Fixes: http://tracker.ceph.com/issues/18799
Signed-off-by: Nathan Cutler <ncutler@suse.com>
(cherry picked from commit b519d38fb1967628ad8a1c46fcfb3f984de58790)

qa/tasks/ceph_manager.py

index 11bc824d9dd7c3284cf16678ea2a29df9fb3bfd4..8e08439e702bb1e5bb73d376bddcf7c07c83b3df 100644 (file)

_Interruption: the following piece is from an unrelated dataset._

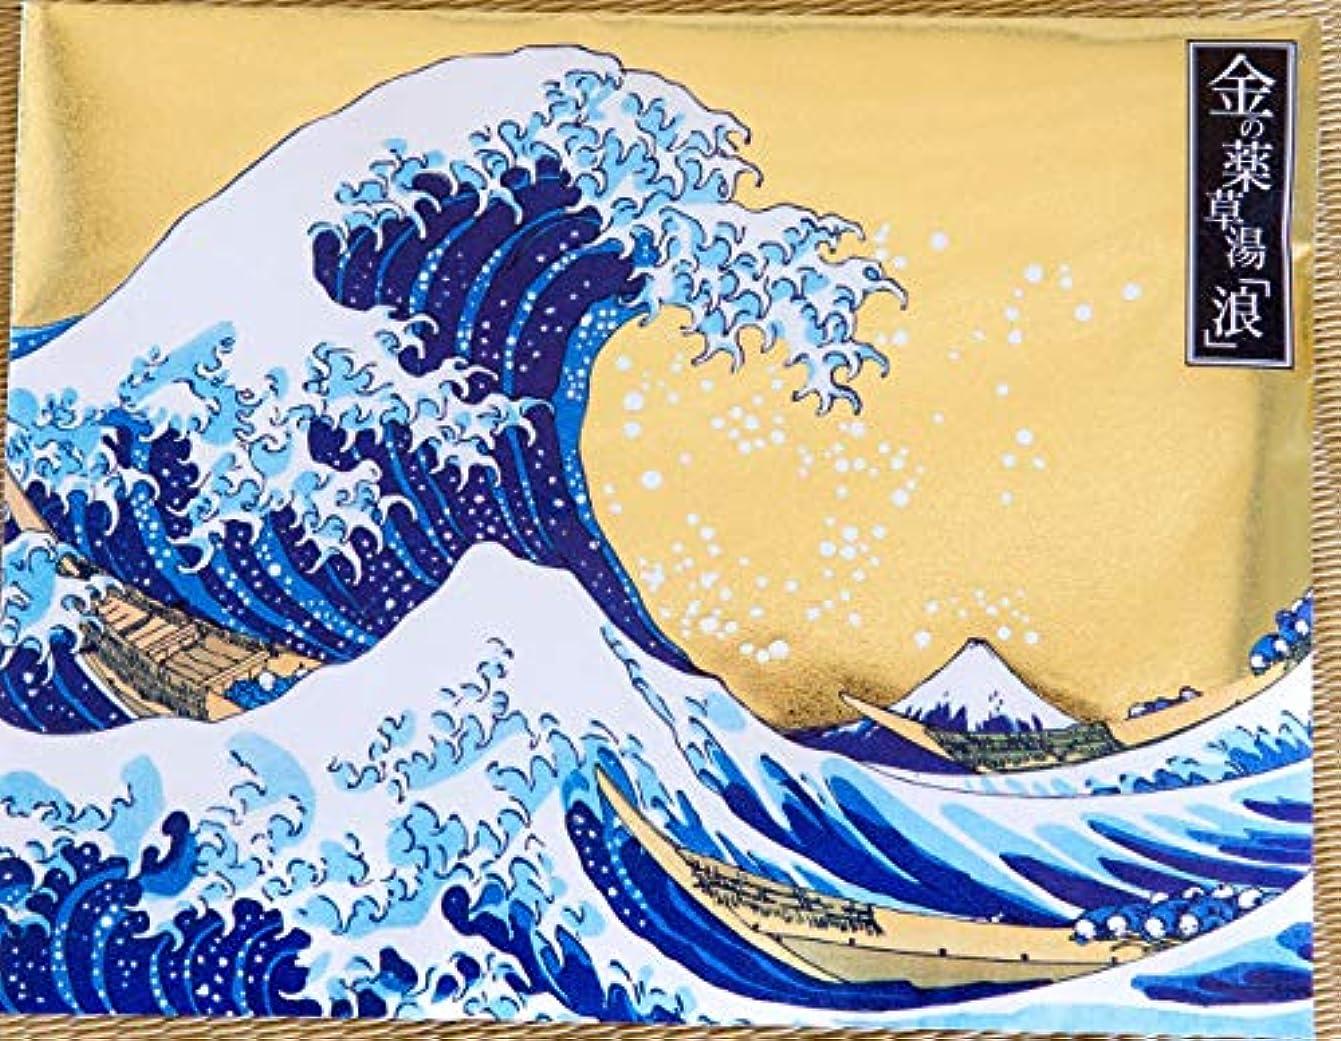 バクテリアアグネスグレイマリナー金の薬草湯「浪」 神奈川沖浪裏(富嶽三十六景)

@@ -143,15 +143,8 @@ class Thrasher:
         except Exception:
             manager.raw_cluster_cmd('--', 'mon', 'tell', '*', 'injectargs',
                                     '--mon-osd-down-out-interval 0')
-        self.thread = gevent.spawn(self.do_thrash)
-        if self.sighup_delay:
-            self.sighup_thread = gevent.spawn(self.do_sighup)
-        if self.optrack_toggle_delay:
-            self.optrack_toggle_thread = gevent.spawn(self.do_optrack_toggle)
-        if self.dump_ops_enable == "true":
-            self.dump_ops_thread = gevent.spawn(self.do_dump_ops)
-        if self.noscrub_toggle_delay:
-            self.noscrub_toggle_thread = gevent.spawn(self.do_noscrub_toggle)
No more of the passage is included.